◆ Available data ◆

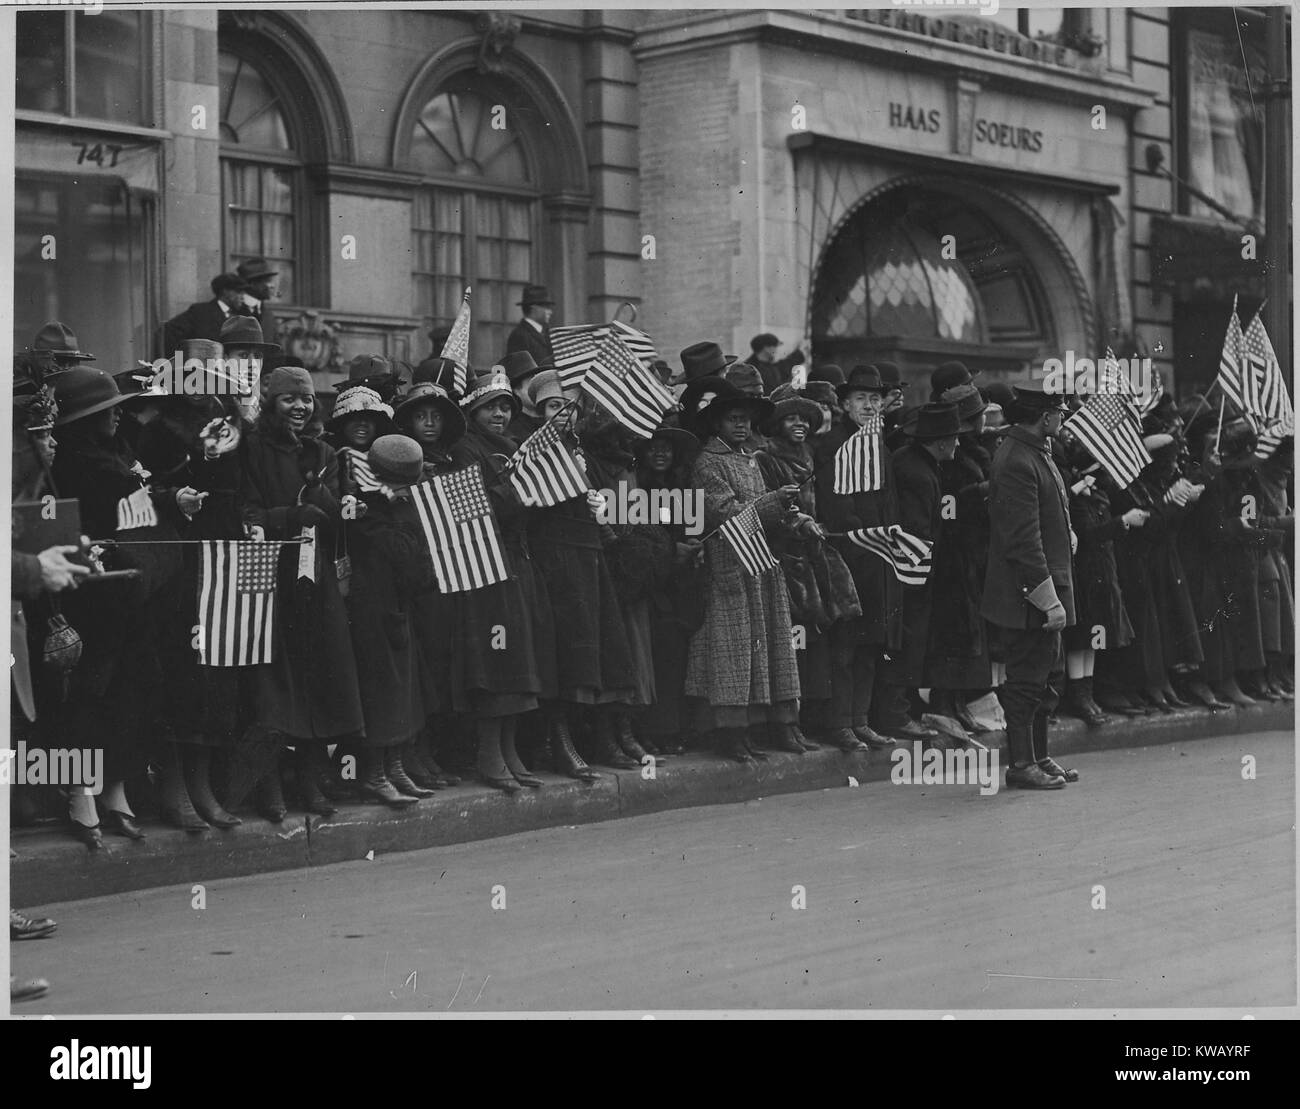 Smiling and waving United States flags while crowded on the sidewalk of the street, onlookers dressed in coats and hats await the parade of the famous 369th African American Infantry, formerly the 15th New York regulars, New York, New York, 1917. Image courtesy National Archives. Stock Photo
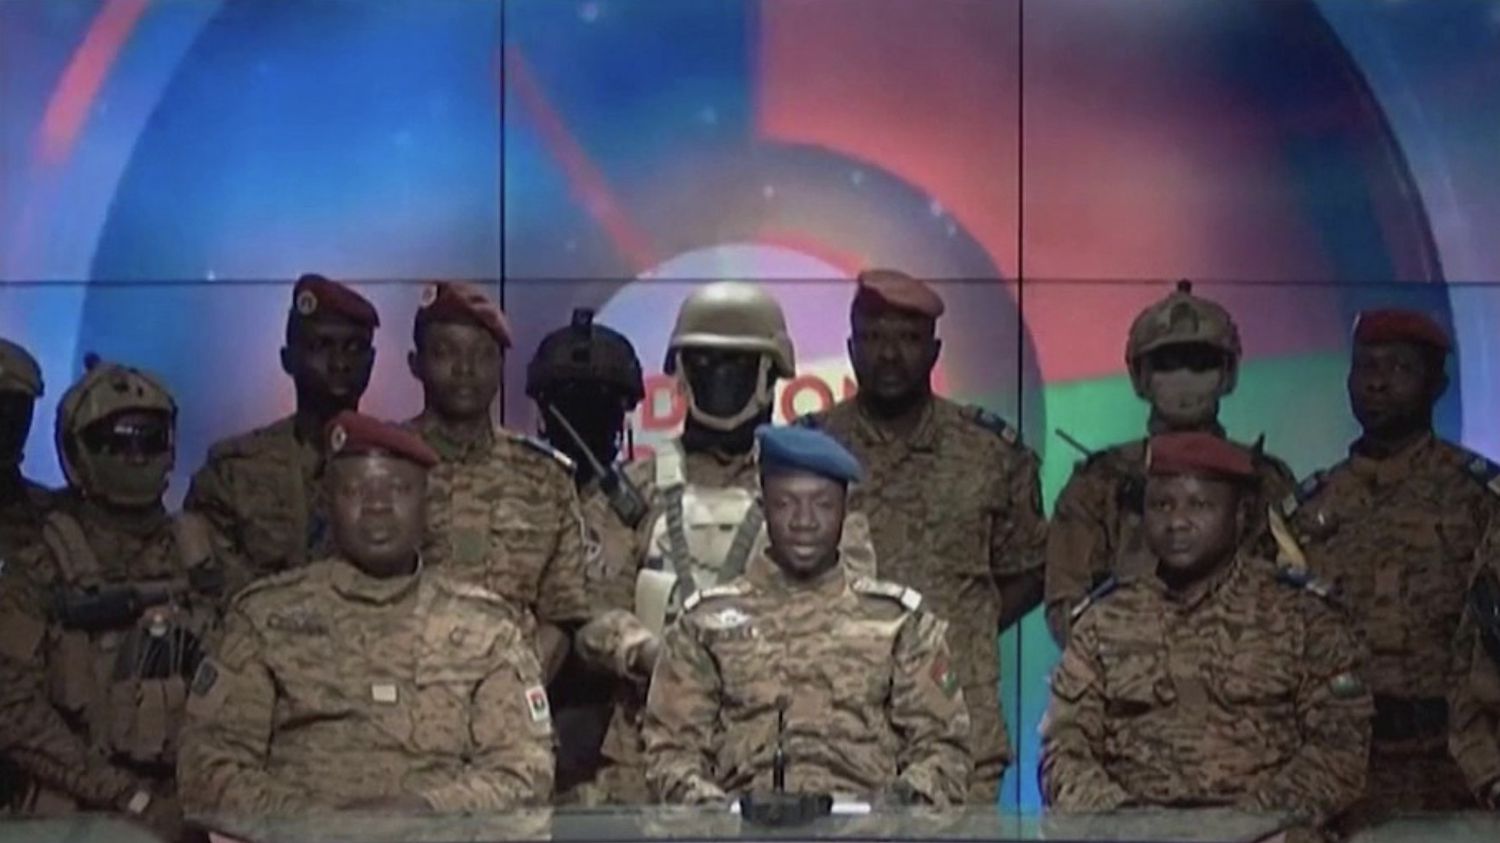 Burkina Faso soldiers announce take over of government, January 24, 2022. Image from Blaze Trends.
---
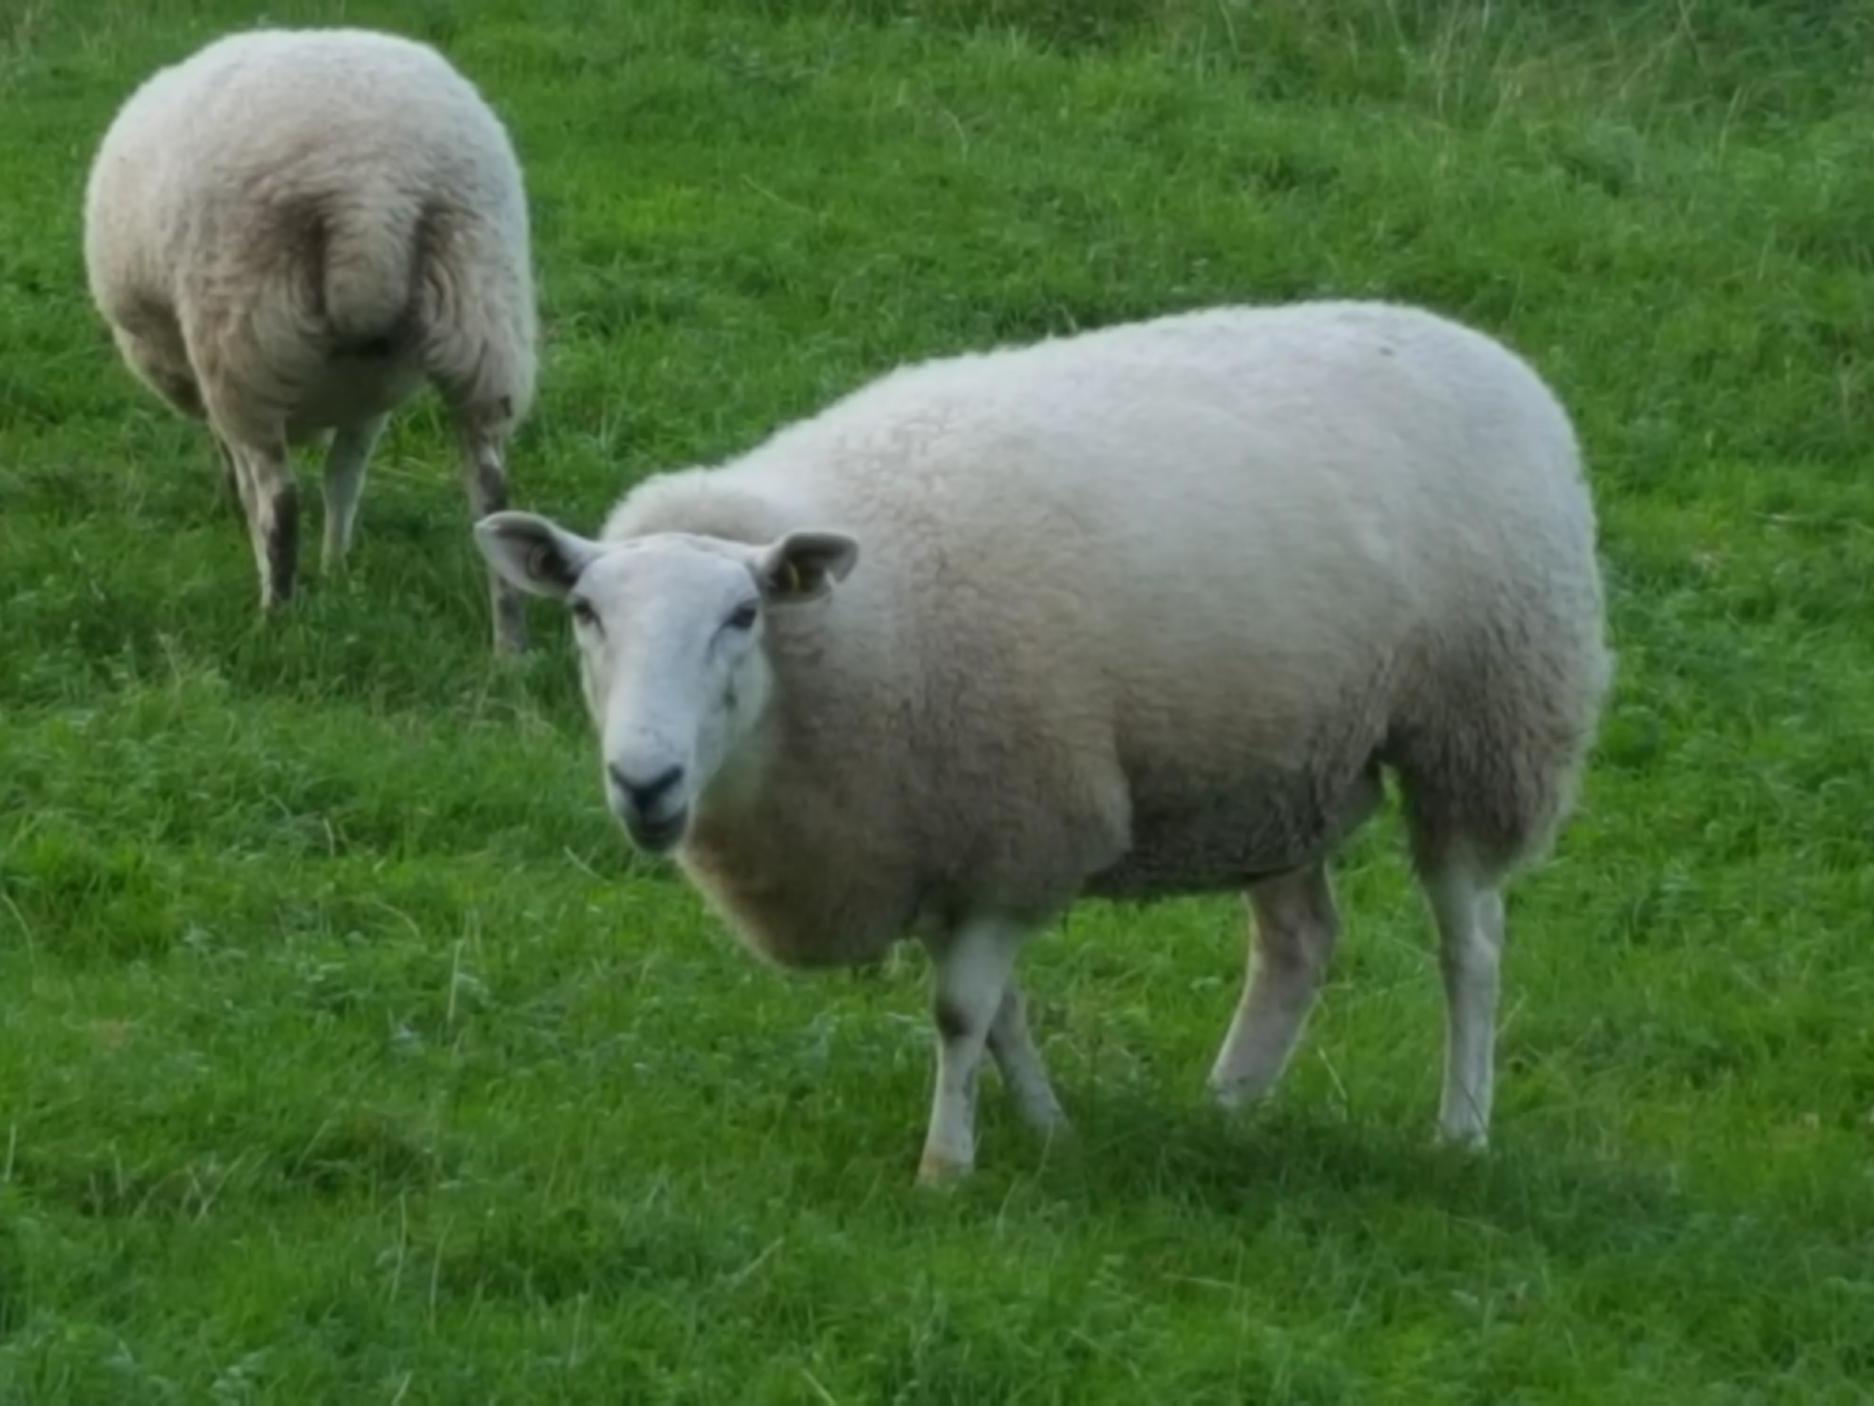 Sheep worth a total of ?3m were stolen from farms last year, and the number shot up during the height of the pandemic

◆ Description of the task ◆
Make an exact copy of the lines above, beginning with the line with "Smiling and waving" and ending with the line with "Burkina Faso soldiers", and keep the pictures out of it.

◆ Task result ◆
 Smiling and waving United States flags while crowded on the sidewalk of the street, onlookers dressed in coats and hats await the parade of the famous 369th African American Infantry, formerly the 15th New York regulars, New York, New York, 1917. Image courtesy National Archives. Stock Photo
 Burkina Faso soldiers announce take over of government, January 24, 2022. Image from Blaze Trends.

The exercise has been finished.